Excerpted data
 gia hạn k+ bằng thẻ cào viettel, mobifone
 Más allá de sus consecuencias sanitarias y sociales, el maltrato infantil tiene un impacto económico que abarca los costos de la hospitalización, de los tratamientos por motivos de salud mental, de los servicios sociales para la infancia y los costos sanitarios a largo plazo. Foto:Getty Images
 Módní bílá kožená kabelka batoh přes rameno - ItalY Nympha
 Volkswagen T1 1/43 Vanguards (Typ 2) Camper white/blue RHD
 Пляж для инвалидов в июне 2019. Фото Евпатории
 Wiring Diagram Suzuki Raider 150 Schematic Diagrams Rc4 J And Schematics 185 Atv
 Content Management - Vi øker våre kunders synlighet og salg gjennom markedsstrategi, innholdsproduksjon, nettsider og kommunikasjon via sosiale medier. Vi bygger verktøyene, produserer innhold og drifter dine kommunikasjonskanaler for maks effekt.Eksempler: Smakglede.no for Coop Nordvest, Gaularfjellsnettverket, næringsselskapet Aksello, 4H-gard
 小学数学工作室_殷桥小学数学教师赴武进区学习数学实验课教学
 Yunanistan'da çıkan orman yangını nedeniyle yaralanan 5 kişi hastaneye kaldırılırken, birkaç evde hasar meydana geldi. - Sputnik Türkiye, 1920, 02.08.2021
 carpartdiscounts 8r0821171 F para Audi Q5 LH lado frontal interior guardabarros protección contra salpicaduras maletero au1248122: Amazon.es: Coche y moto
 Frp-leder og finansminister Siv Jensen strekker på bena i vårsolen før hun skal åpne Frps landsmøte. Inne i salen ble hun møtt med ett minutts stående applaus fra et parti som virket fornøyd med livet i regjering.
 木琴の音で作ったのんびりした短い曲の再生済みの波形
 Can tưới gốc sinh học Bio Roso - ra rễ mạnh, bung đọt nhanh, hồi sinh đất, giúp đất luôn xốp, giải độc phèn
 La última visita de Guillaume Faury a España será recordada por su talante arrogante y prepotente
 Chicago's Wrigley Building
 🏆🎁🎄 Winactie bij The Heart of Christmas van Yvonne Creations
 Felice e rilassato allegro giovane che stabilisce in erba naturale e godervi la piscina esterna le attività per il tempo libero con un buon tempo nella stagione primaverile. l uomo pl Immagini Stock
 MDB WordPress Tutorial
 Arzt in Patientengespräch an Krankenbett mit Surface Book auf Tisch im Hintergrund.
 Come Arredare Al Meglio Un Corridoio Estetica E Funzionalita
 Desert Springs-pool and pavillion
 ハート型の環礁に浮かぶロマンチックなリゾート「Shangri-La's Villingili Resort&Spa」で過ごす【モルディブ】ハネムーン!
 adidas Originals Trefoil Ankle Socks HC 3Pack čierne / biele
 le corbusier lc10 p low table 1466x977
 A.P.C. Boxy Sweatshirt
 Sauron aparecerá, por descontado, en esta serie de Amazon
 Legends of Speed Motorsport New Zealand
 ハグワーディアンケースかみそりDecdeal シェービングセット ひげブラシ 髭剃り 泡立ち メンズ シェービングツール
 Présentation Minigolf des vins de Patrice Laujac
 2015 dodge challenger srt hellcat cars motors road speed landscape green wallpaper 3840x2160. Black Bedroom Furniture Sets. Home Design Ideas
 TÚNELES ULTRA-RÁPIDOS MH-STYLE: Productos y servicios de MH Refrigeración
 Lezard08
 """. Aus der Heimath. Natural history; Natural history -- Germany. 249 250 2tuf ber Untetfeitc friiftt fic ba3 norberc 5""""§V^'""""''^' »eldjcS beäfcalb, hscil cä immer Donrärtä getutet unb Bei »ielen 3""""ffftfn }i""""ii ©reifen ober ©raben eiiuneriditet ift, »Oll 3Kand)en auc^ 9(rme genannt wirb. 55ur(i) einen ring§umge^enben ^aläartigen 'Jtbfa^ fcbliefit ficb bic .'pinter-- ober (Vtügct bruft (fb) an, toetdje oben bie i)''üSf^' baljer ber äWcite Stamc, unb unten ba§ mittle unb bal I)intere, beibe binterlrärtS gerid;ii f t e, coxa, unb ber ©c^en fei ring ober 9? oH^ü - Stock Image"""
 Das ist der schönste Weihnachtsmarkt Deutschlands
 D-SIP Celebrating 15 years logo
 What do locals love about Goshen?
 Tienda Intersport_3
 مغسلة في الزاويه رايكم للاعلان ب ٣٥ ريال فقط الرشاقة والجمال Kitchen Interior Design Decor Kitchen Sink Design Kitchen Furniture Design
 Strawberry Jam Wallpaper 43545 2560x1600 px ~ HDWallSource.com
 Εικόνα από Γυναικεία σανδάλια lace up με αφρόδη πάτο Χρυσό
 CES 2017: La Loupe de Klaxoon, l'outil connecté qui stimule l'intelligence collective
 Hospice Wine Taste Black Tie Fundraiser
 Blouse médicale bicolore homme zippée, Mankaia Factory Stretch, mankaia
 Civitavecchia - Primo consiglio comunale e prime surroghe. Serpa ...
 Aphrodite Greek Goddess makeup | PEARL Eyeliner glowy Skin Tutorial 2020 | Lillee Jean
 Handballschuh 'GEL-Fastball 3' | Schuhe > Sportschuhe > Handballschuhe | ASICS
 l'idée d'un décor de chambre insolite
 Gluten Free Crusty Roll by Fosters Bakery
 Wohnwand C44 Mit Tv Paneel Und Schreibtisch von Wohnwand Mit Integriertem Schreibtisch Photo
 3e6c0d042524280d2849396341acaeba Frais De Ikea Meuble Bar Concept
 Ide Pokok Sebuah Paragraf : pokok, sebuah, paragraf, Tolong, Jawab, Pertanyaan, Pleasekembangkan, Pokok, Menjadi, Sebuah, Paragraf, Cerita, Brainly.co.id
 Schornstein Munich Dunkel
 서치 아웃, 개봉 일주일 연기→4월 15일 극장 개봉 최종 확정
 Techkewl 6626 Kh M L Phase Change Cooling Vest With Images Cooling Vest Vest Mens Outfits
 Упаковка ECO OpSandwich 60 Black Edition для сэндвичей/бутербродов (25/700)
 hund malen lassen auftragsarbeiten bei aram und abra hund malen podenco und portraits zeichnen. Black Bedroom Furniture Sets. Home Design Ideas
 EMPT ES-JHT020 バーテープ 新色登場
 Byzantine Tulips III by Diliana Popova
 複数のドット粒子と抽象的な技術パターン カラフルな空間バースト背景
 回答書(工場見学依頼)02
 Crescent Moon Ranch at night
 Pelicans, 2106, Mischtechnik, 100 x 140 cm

Assigned task
Copy out the lines above exactly, beginning at the one that contains "Présentation Minigolf des" and ending at the one that contains "Strawberry Jam Wallpaper".

Written response
 Présentation Minigolf des vins de Patrice Laujac
 2015 dodge challenger srt hellcat cars motors road speed landscape green wallpaper 3840x2160. Black Bedroom Furniture Sets. Home Design Ideas
 TÚNELES ULTRA-RÁPIDOS MH-STYLE: Productos y servicios de MH Refrigeración
 Lezard08
 """. Aus der Heimath. Natural history; Natural history -- Germany. 249 250 2tuf ber Untetfeitc friiftt fic ba3 norberc 5""""§V^'""""''^' »eldjcS beäfcalb, hscil cä immer Donrärtä getutet unb Bei »ielen 3""""ffftfn }i""""ii ©reifen ober ©raben eiiuneriditet ift, »Oll 3Kand)en auc^ 9(rme genannt wirb. 55ur(i) einen ring§umge^enben ^aläartigen 'Jtbfa^ fcbliefit ficb bic .'pinter-- ober (Vtügct bruft (fb) an, toetdje oben bie i)''üSf^' baljer ber äWcite Stamc, unb unten ba§ mittle unb bal I)intere, beibe binterlrärtS gerid;ii f t e, coxa, unb ber ©c^en fei ring ober 9? oH^ü - Stock Image"""
 Das ist der schönste Weihnachtsmarkt Deutschlands
 D-SIP Celebrating 15 years logo
 What do locals love about Goshen?
 Tienda Intersport_3
 مغسلة في الزاويه رايكم للاعلان ب ٣٥ ريال فقط الرشاقة والجمال Kitchen Interior Design Decor Kitchen Sink Design Kitchen Furniture Design
 Strawberry Jam Wallpaper 43545 2560x1600 px ~ HDWallSource.com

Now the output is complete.